From the correspondence of Carl Jung: life after death

“After a serious heart attack in 1944 Carl Jung wrote during his recovery some letters about his experiences. One begins:

“‘What happens after death is so unspeakably glorious that our imagination and our feelings do not suffice to from even an approximate conception of it.’

“Jung believed at this time that ‘the dissolution of our time-bound form in eternity brings no loss of meaning. Rather does the little finger know itself a member of the hand.’

“In a longer letter to Kristine Mann an American analytical psychologist who was terminally ill he wrote of what he experienced during the attack. The longer account is given in his autobiography Memories, Dreams and Reflections. Whilst greatly weakened physically he notes that fortunately his head hadn’t suffered:

“‘On the whole my illness proved to be a most valuable experience, which gave me the inestimable opportunity of a glimpse behind the veil … When you can give up the crazy will to live and when you seemingly fall into a bottomless mist, then the truly real life begins with everything you were meant to be and never reached. It is something ineffably grand. I was free, completely free and whole, as I never felt before.’

“Jung then describes his near death experience of floating above the earth and seeing it as an immense globe in an inexpressibly beautiful blue light; he sees the southern end of India shining in a bluish silvery light with what was then Ceylon, now Sri Lanka like a shimmering opal in the deep blue sea. He goes on:

“‘I was in the universe, where there was a big solitary rock containing a temple. I saw its entrance illuminated by a thousand small flames of coconut oil. I knew I was to enter the temple and I would reach full knowledge.’
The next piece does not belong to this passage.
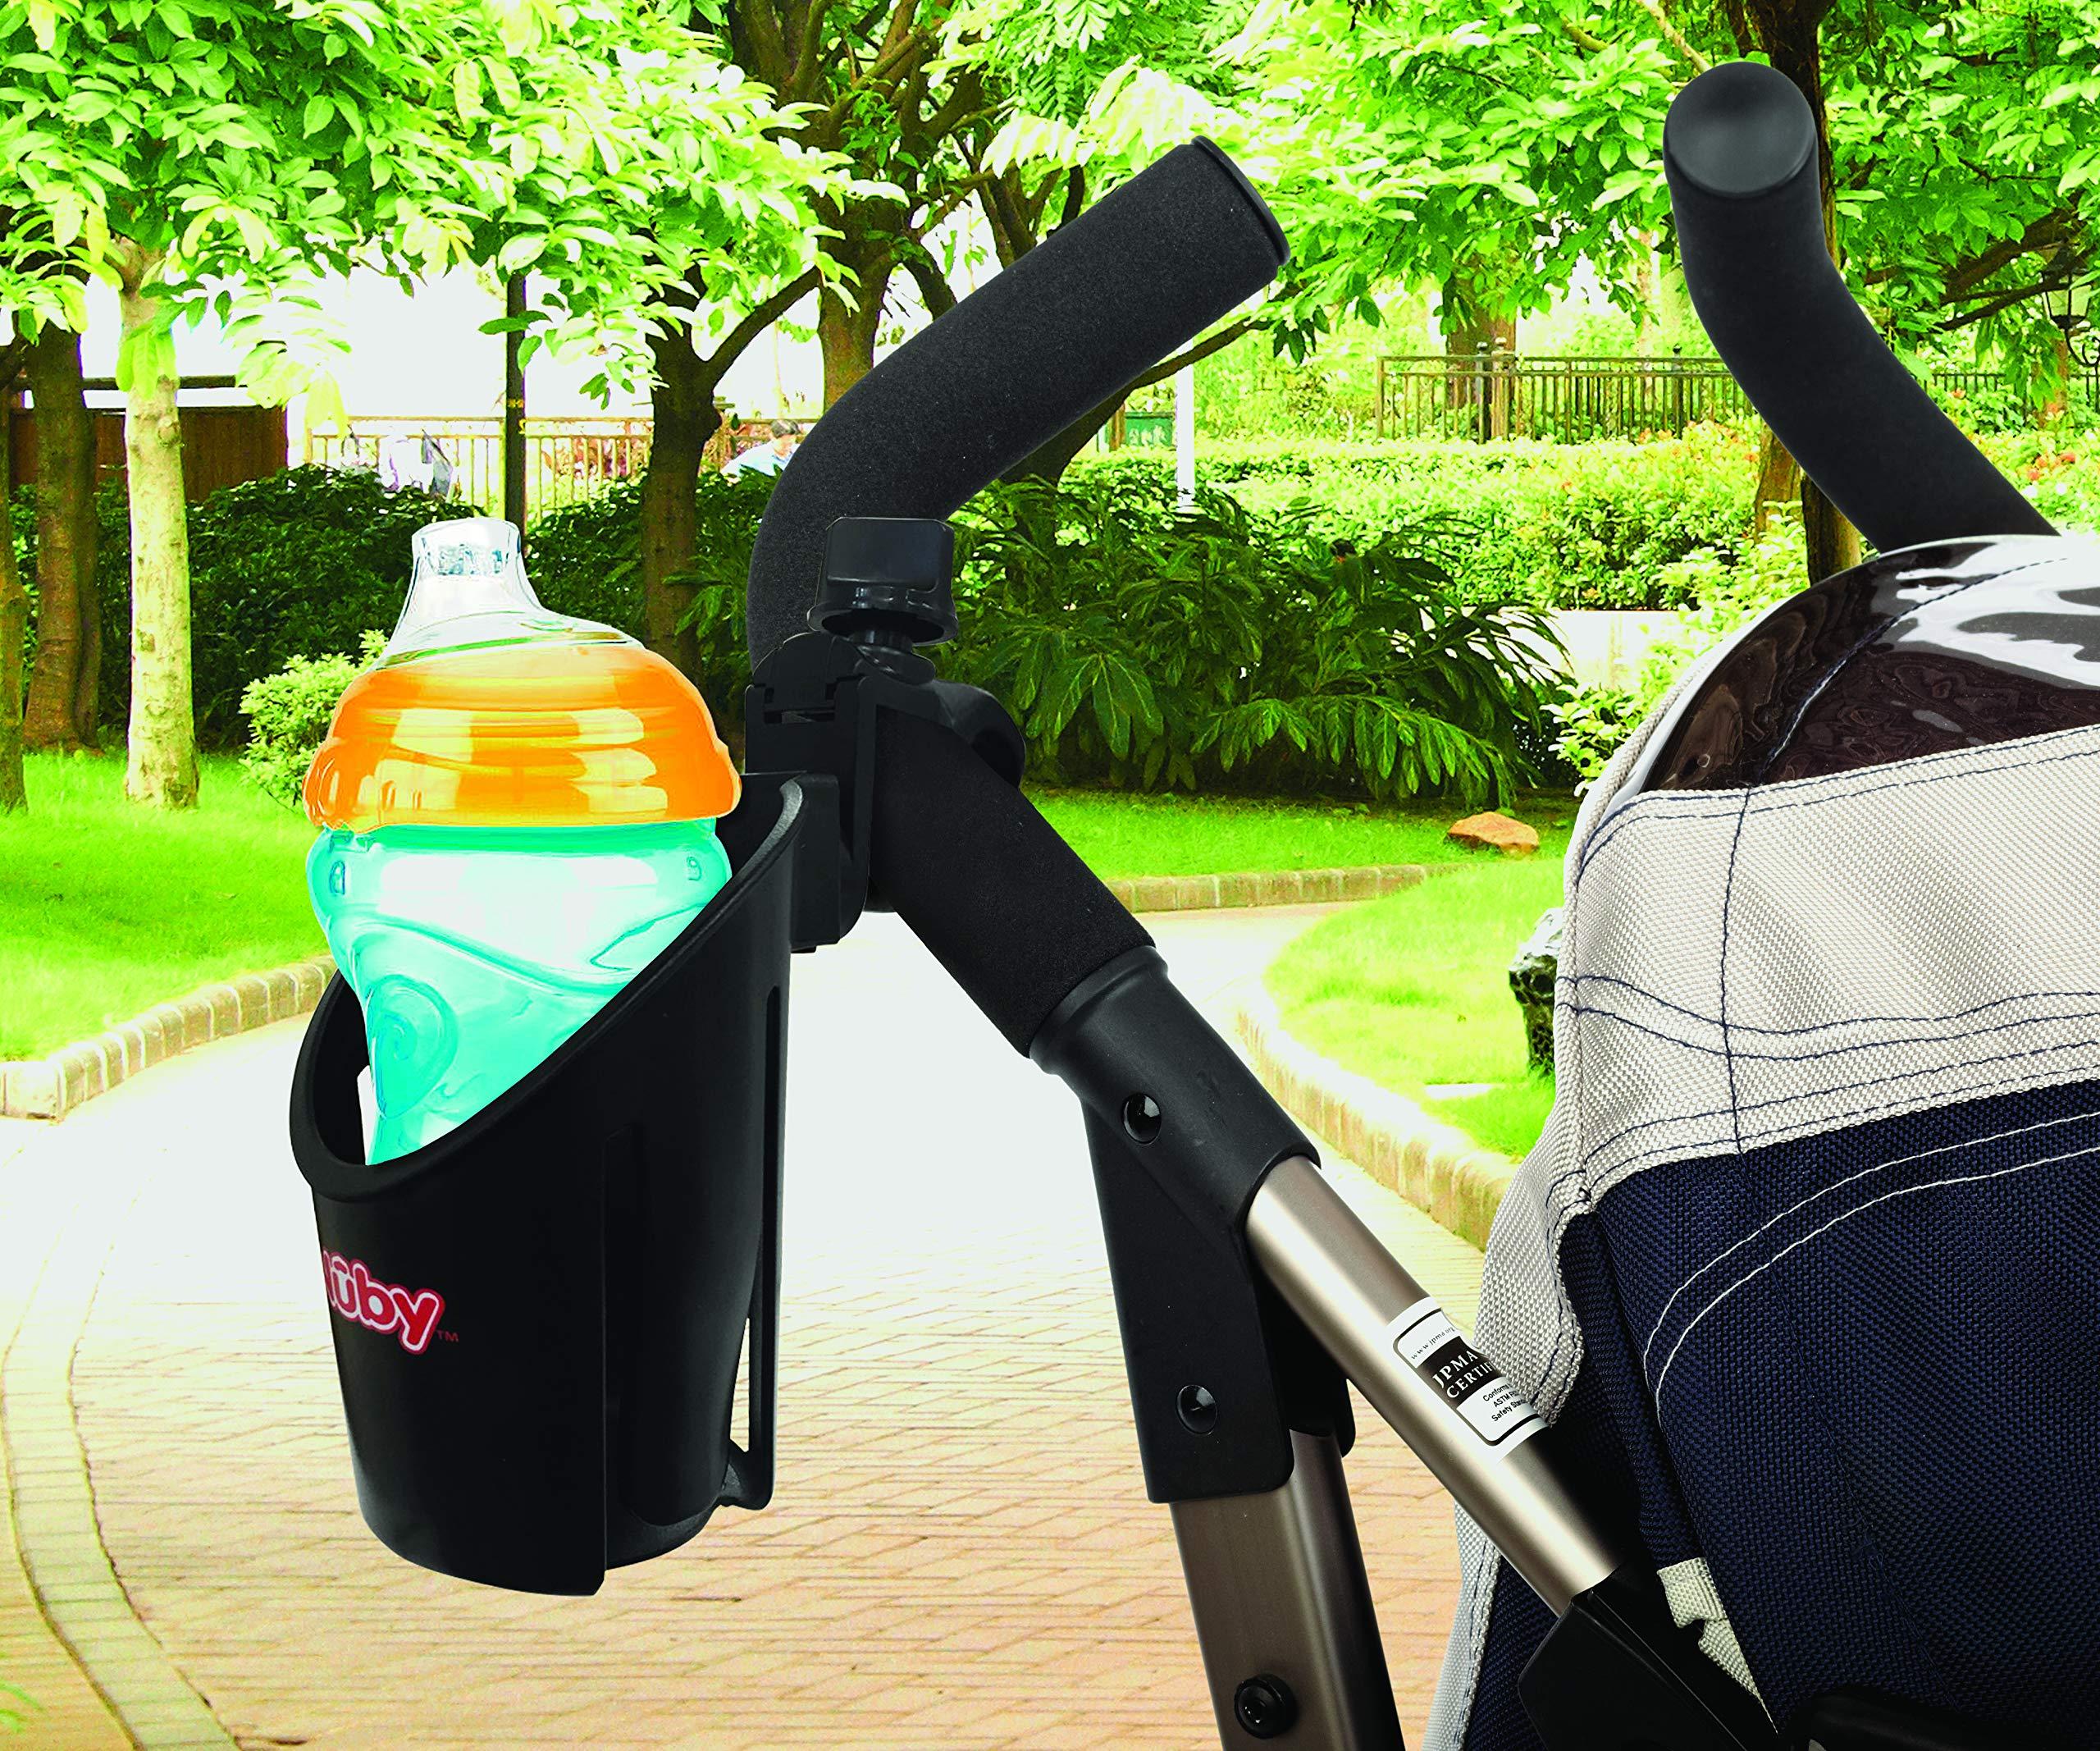 Nuby Trio Stroller Accessory Set: Cup Holder/Phone Holder/Double Hook Set

“At this moment a messenger appears summoning Jung back to the world and the whole vision collapses. However during his recovery in a state alternating between sleep and wakefulness Jung experiences what he calls ‘the complete vision’. He felt in a deep union with somebody or something that was itself united – ‘the mystic Agnus’. The experience was permeated by ‘an incomparable, indescribable feeling of eternal bliss, such as I never could have imagined as being within reach of human experience.’

“In the letter Jung says that death is the hardest thing from the outside but once inside ‘you taste of such completeness and peace and fulfilment that you don’t want to return.’ The experience was so overwhelming that as he recovered Jung suffered from black depressions which felt like dying as he returned to ‘this fragmentary, restricted, narrow, almost mechanical life, where you were subject to the laws of gravity and cohesion, imprisoned in a system of 3 dimensions and whirled along with other bodies in the turbulent stream of time. There was fullness, meaning fulfilment, eternal movement (not movement in time).’
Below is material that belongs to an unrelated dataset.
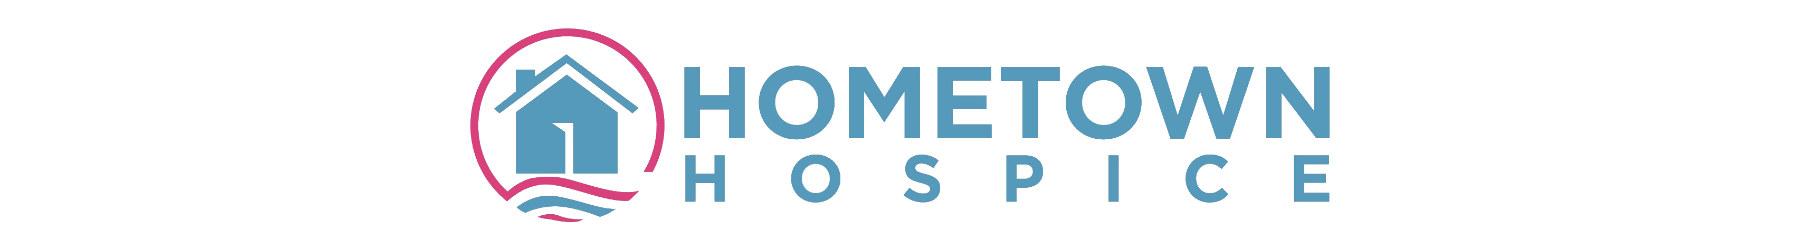 Hometown Hospice logo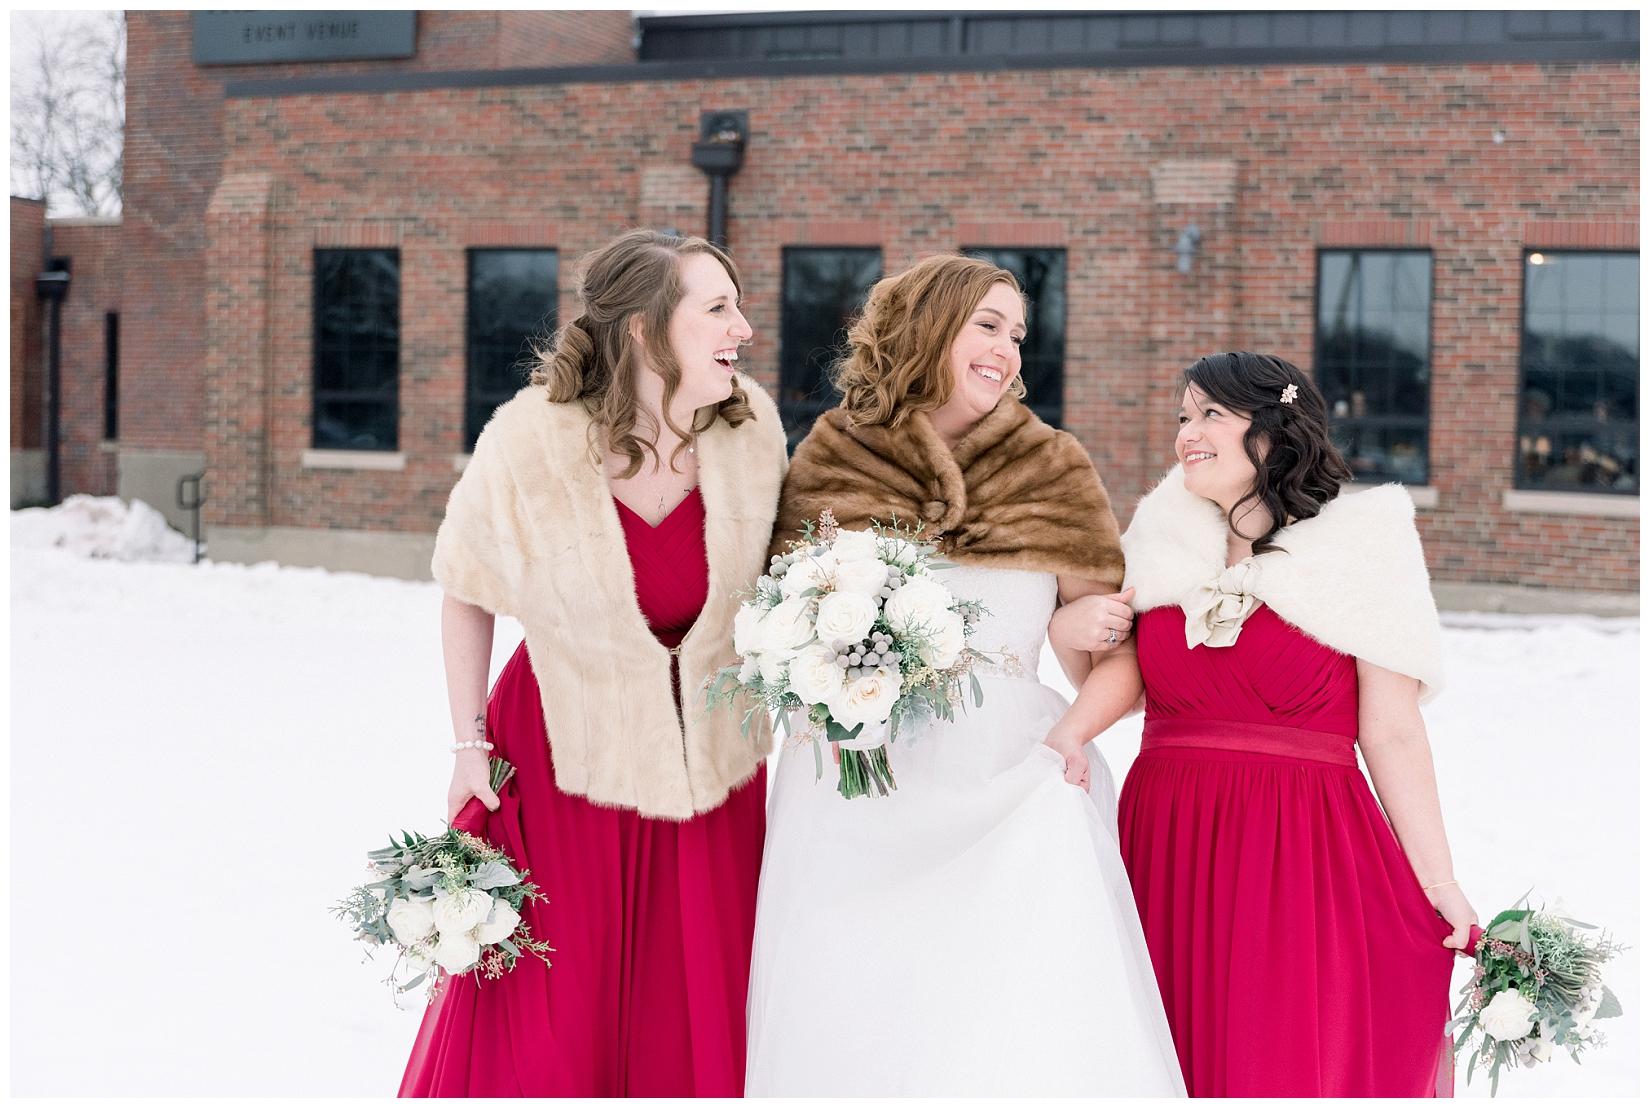 cat-alkire-wedding-photographer-indiana-chicago-indianapolis-fort-wayne_0960.jpg

“Jung finishes by saying that throughout his illness he had felt carried by something and that ‘my feet were not standing on air and I had the proof that I have reached a safe ground.’ He urges Kristine Mann to do whatever she does with sincerity and that this will become the bridge to her wholeness, ‘a good ship that carries you through the darkness of your second birth, which seems to be death to the outside… Be patient and regard it as another difficult task, this time the last one.’

“This entry was posted in Uncategorized on January 26, 2017.”